I was educated by Jesuits in high school and at Georgetown, and so I internalized that challenge of theirs very deeply. I came to feel that I had to scour the depths of my own heart and mind and life and I believed that doing so had both temporal and eternal consequences. This led me to discernments and discoveries about myself, but it also led me to put great (and definitely self-obsessed and maybe even un-Christian) pressure on myself to know, to quest, to understand, to apprehend truth as entirely as possible. This memoir is about a time in my life when doing all that exhausted me and broke me, and I had to learn a more patient way, a way that would leave room for unanswerable mystery, especially in my relationships with women.

The intensity of your relationship with Mara suffuses the whole book. You talk about trying to keep God and her "in fierce parallel." What does that phrase mean to you?

Prayer and sex were always the two things that called to me most deeply and they still are. But when I was in college, dating Mara, the different powers of those two forces (prayer and sex) were not something I had fully come to terms with yet, and so, out of fear, I thought of them as separate tracks inside me: fierce, parallel tracks. I feared that if the tracks ever crossed, the voltage of one would short out the other. I was thinking about both too rigidly, too clinically. Even the word "parallel" is a mathematical one, and it's wrong here, as is the idea of prayer or sex as a fixed track toward anything.

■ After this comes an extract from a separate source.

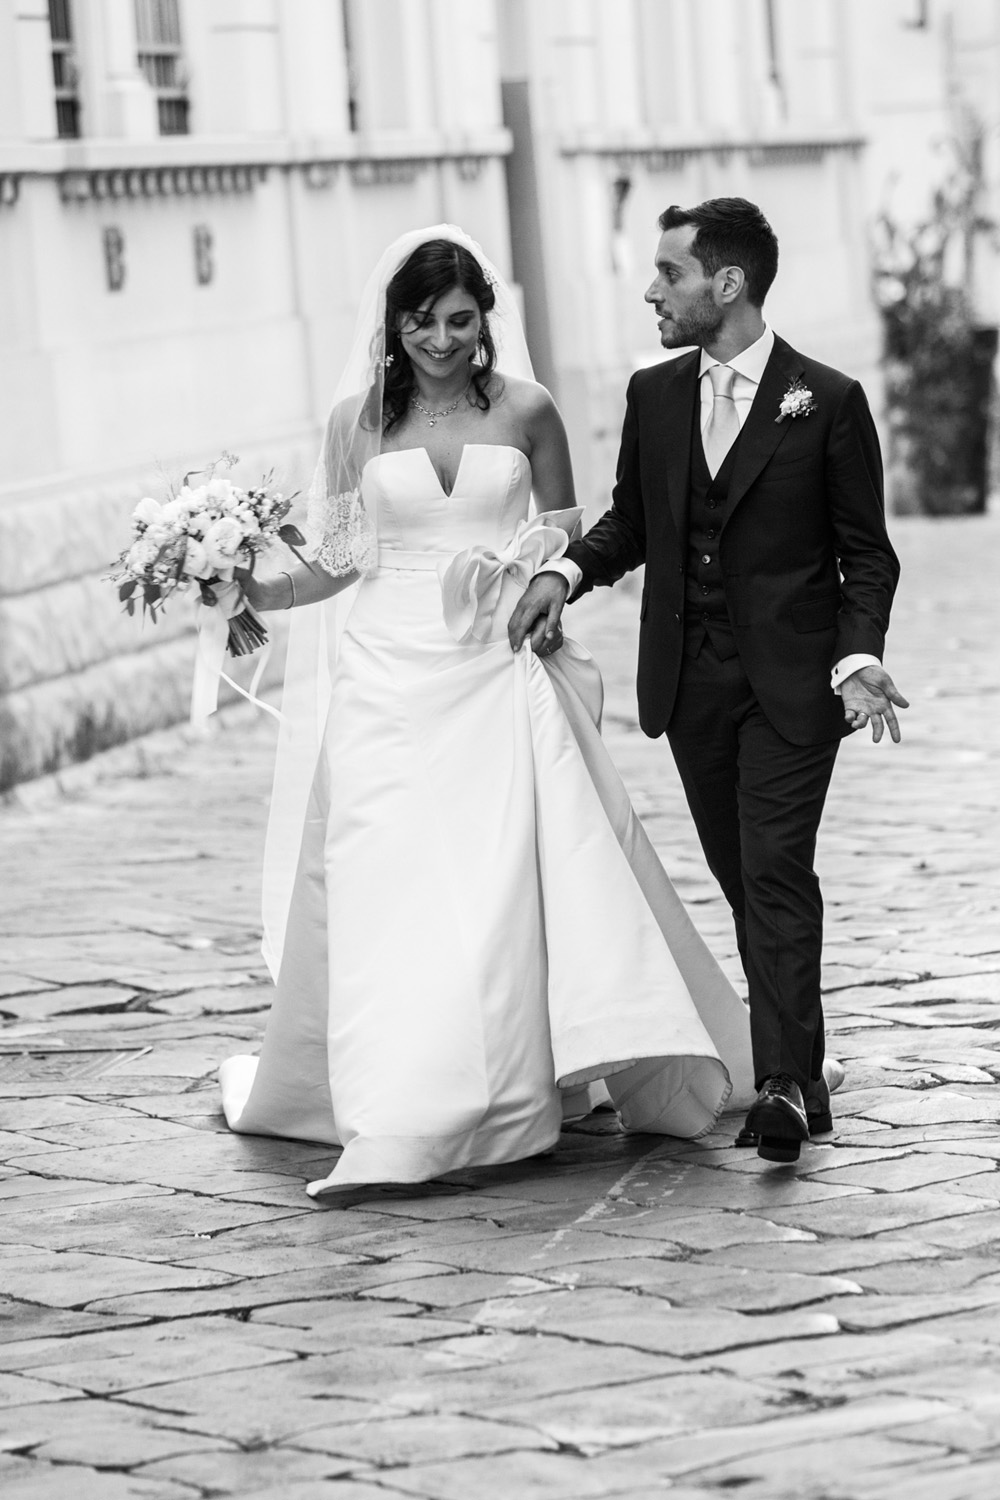 Gabriele_MariaTeresa_wedding_Castello_Monaci_0059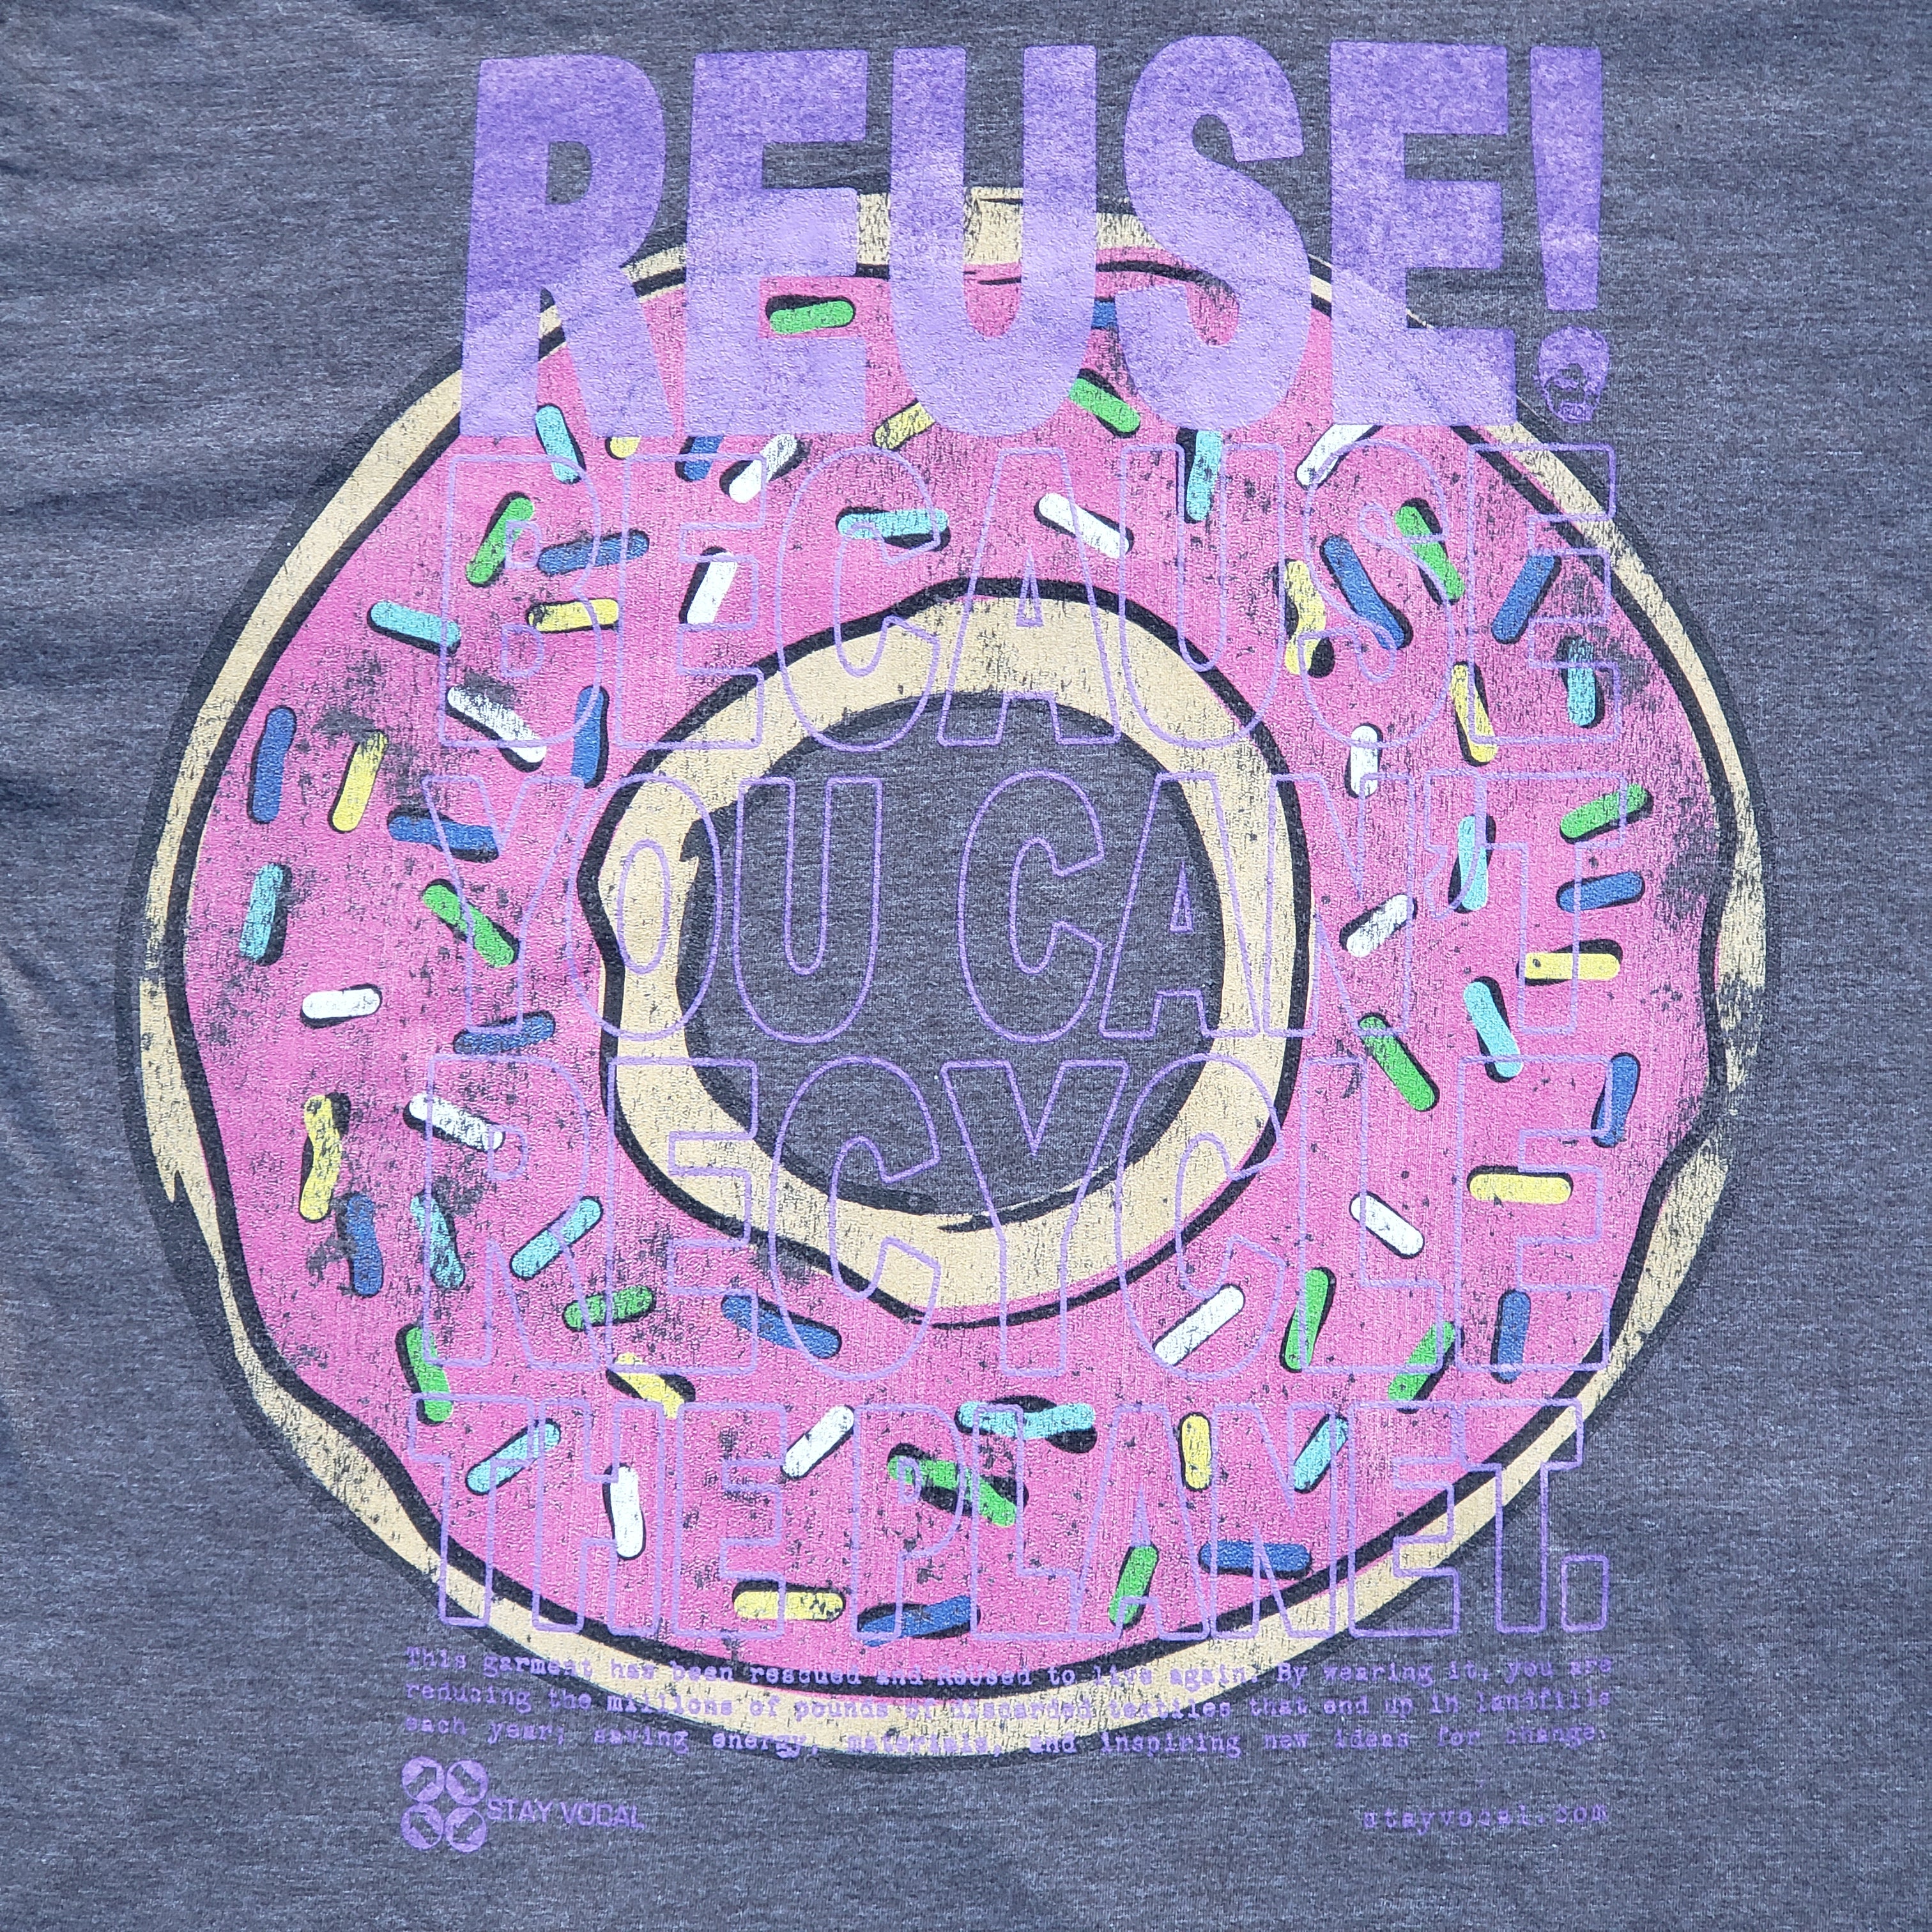 One of a Kind (Men's L) REUSE! Sprinkled Donut T-Shirt

What they really both are, prayer and sex, are paths inside me, dark, winding, often inscrutable paths. They probe forward more than they lead forward (sort of like the best fiction does), and that is their nature, and I know and love that now, without fearing it.

You had a spiritual director betray your trust and behave in an inappropriate manner toward you. Do you think this hastened your leaving the Jesuit path? If this hadn't happened, do you think you still could have ended up a priest?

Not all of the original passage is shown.